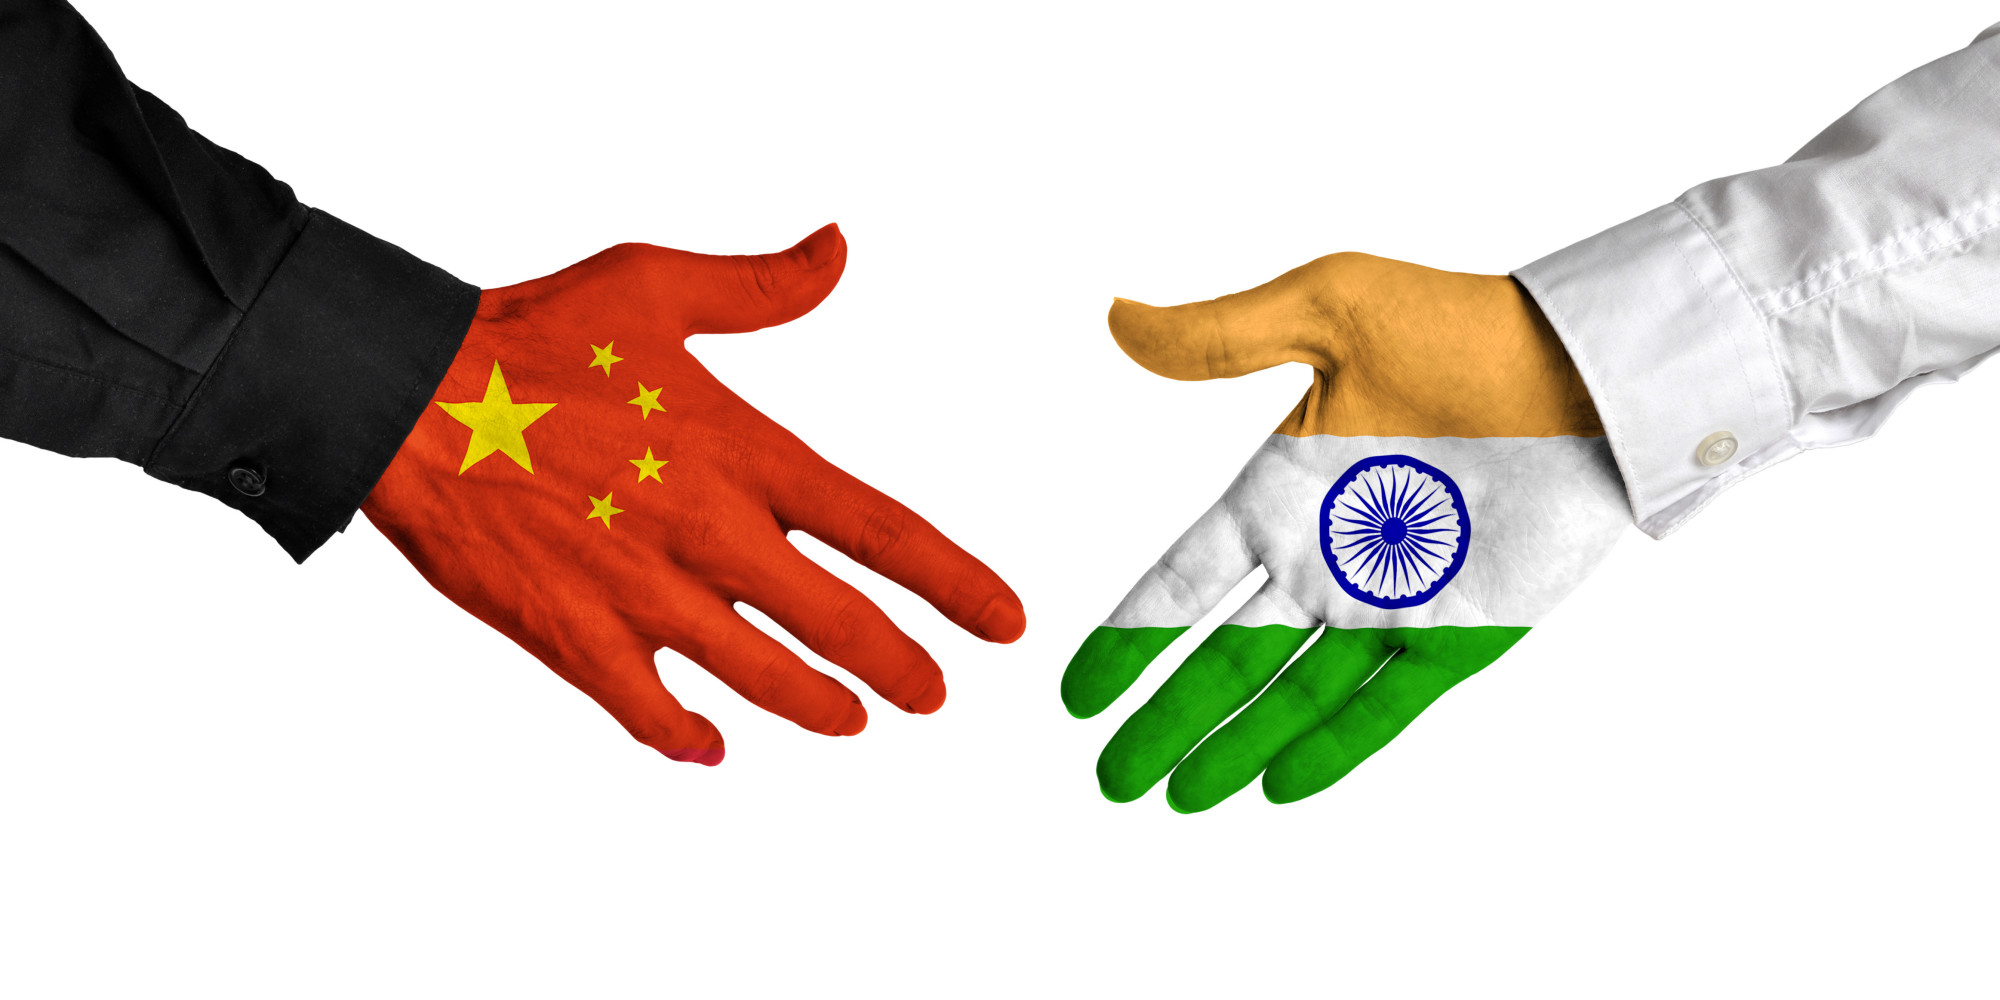 indias neighbourly relations Mercenary us over neighbourly iran mk bhadrakumar in kashmir, one man's small hopes barkha dutt reform norms, not islam anita pratap a tale of two world cups.
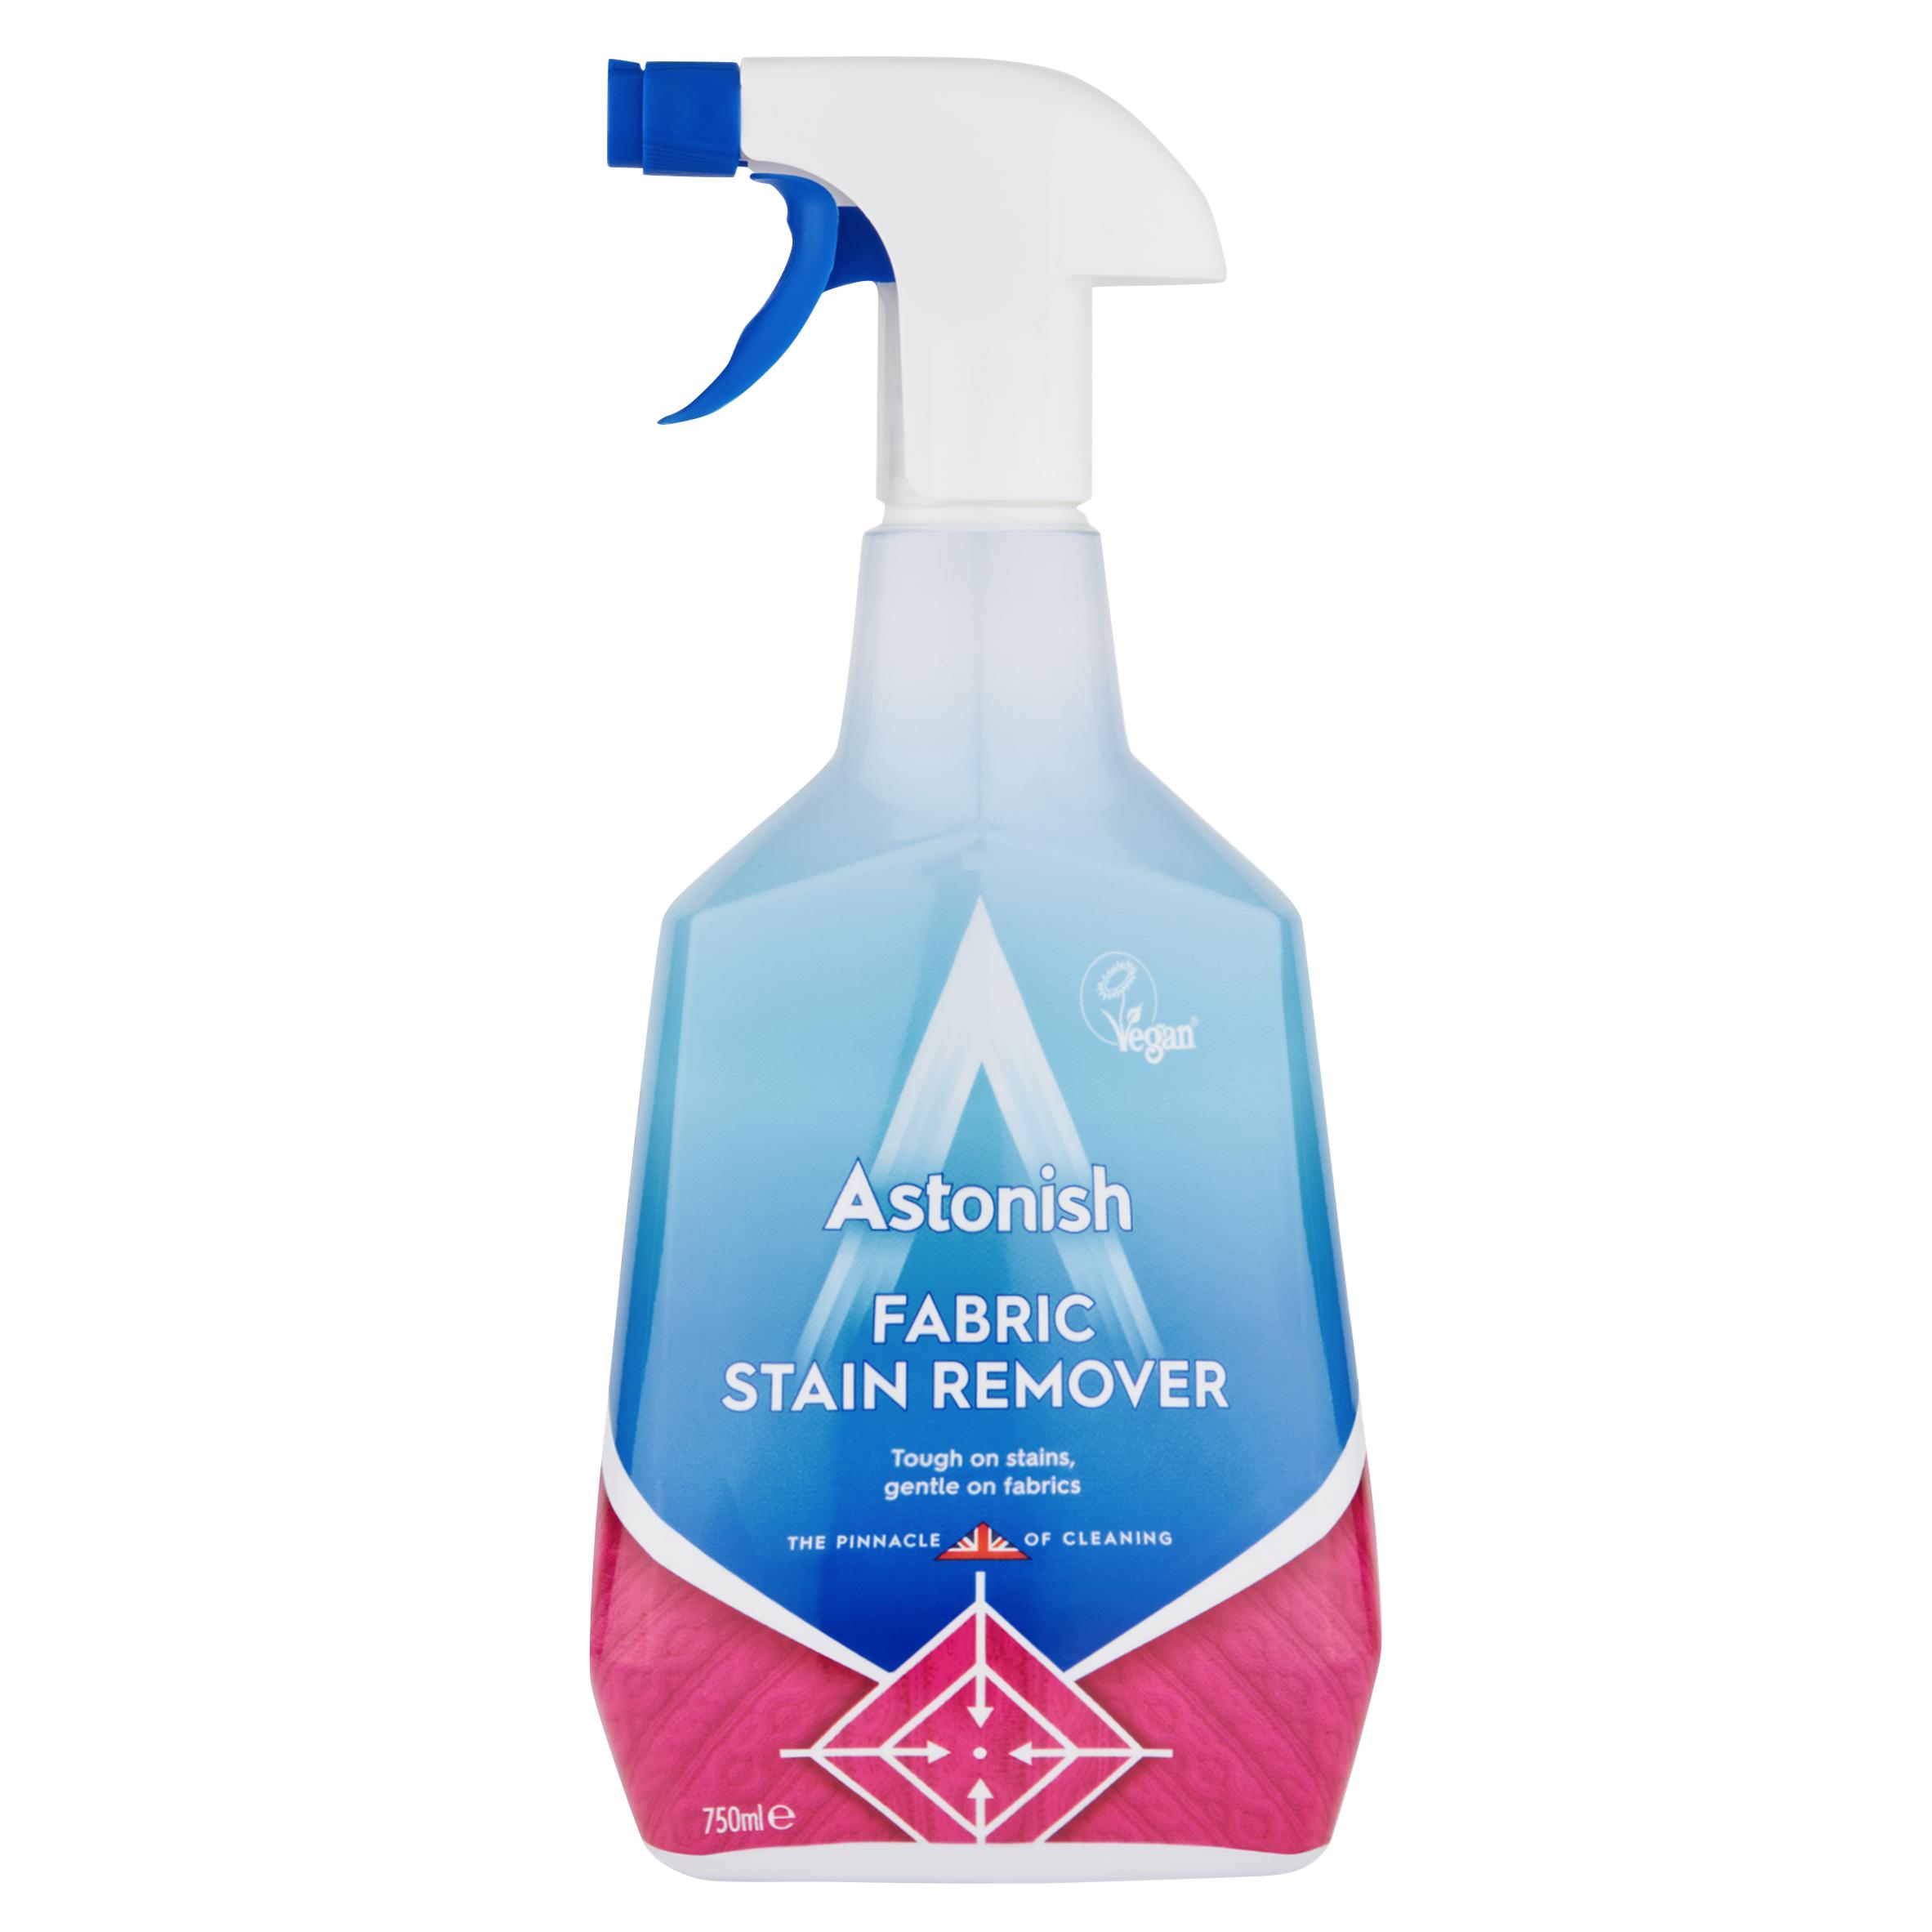 Astonish Fabric Stain Remover Spray 750ml
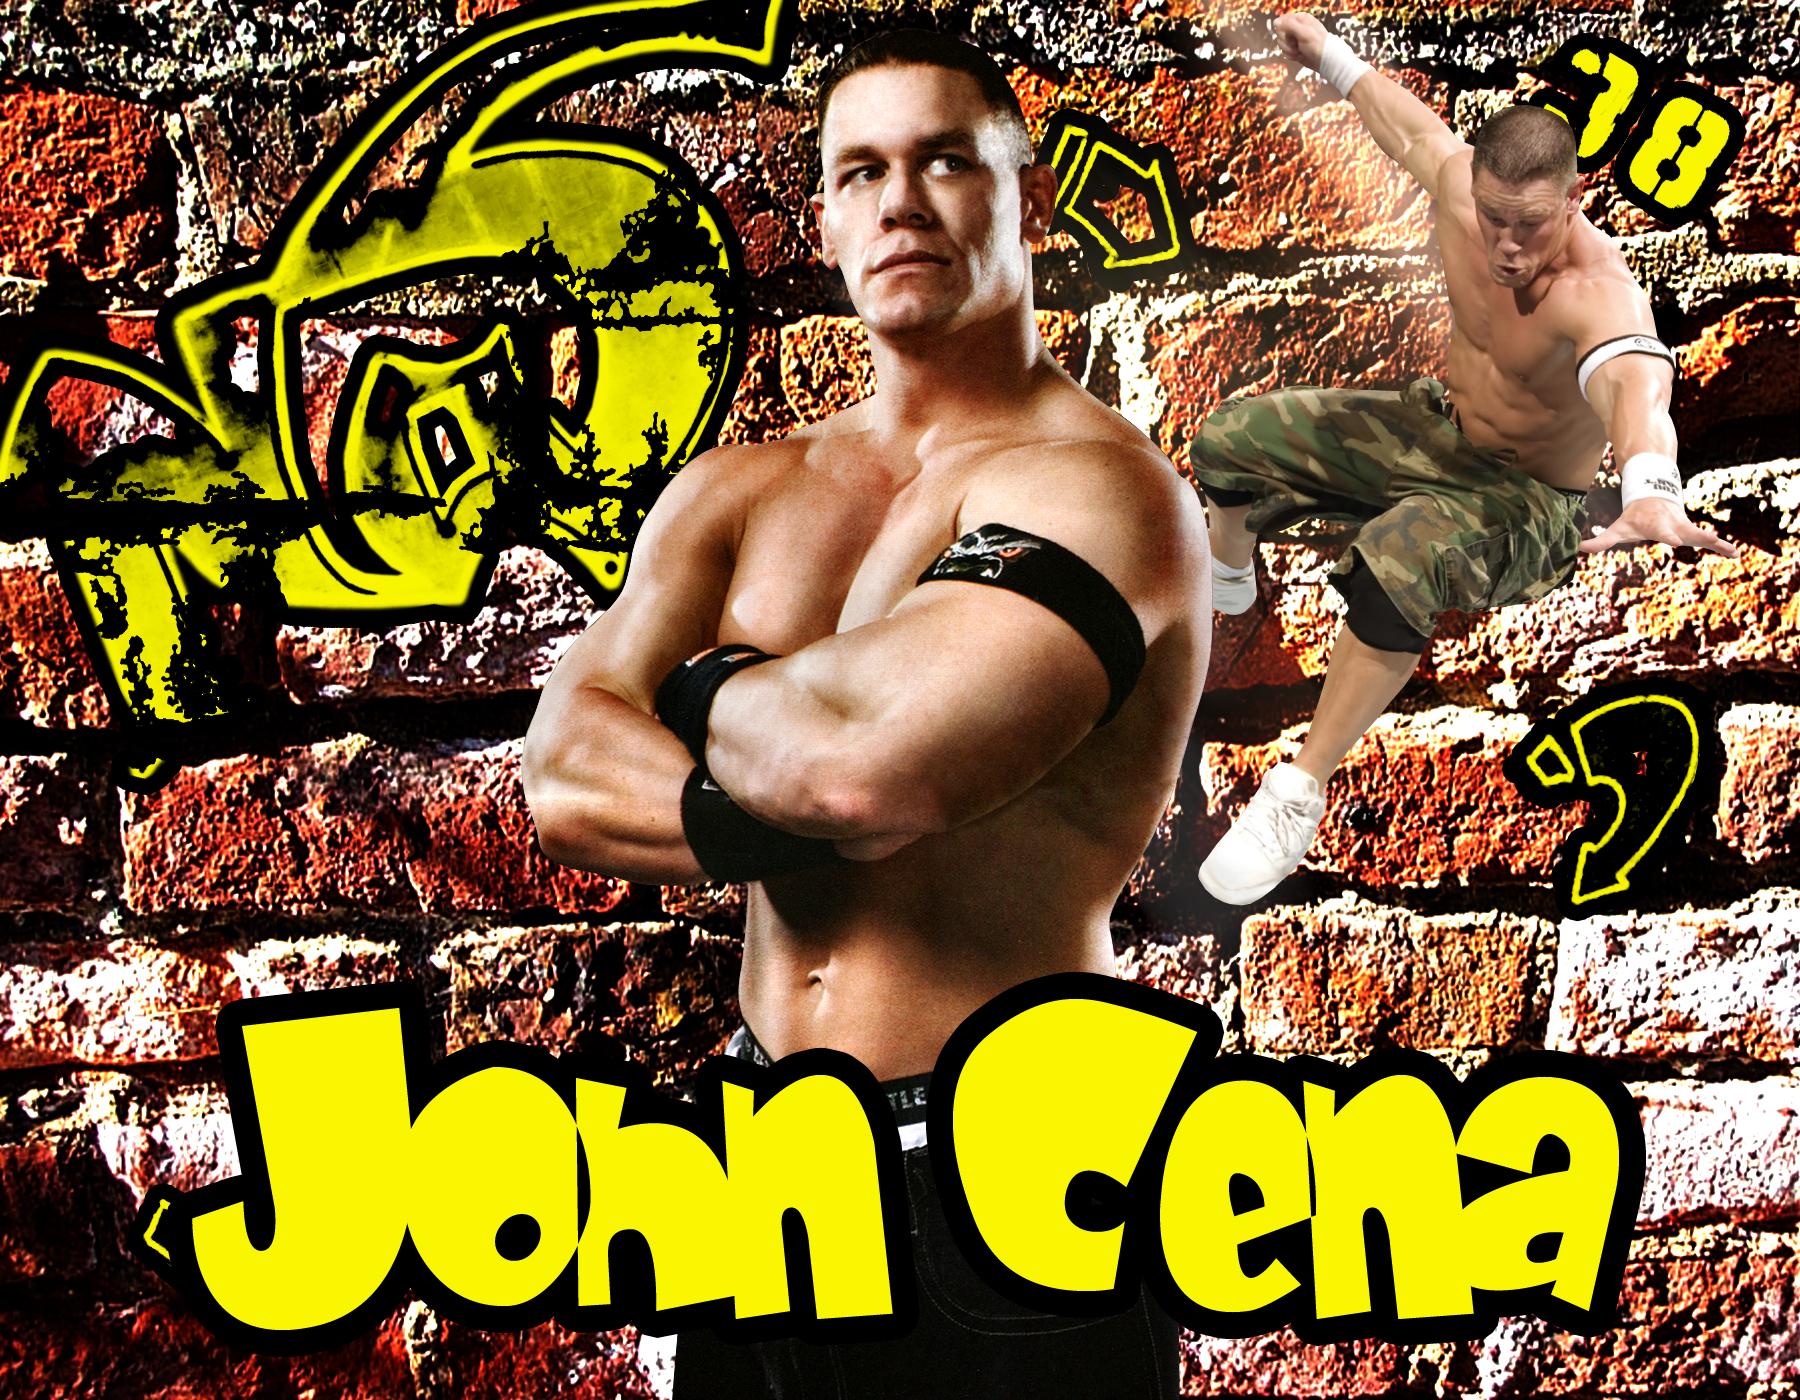 Wwe John Cena Wallpaper Www Deviantart More Like John Cena New Wwe
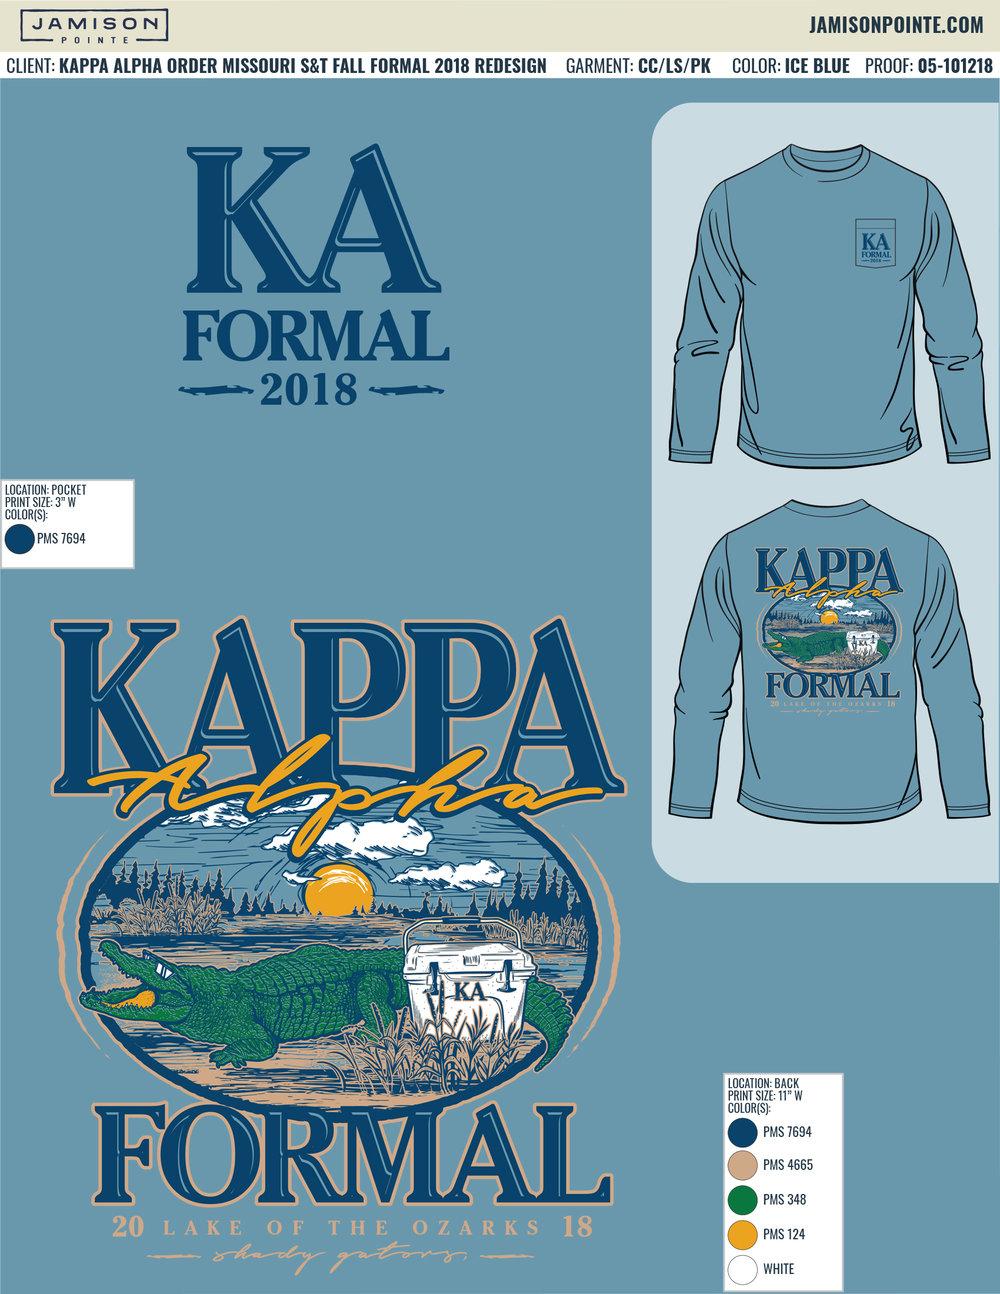 05-101218 Kappa Alpha Order Missouri S&T Fall Formal 2018 Redesign.jpg

#### [TASK TO CARRY OUT]
Print exactly the line containing "Astonish Fabric Stain Remover Spray 750ml" and every line after it through the final line above, and leave all pictures out.

#### [EXERCISE OUTPUT]
 Astonish Fabric Stain Remover Spray 750ml
 Wwe John Cena Wallpaper Www Deviantart More Like John Cena New Wwe
 05-101218 Kappa Alpha Order Missouri S&T Fall Formal 2018 Redesign.jpg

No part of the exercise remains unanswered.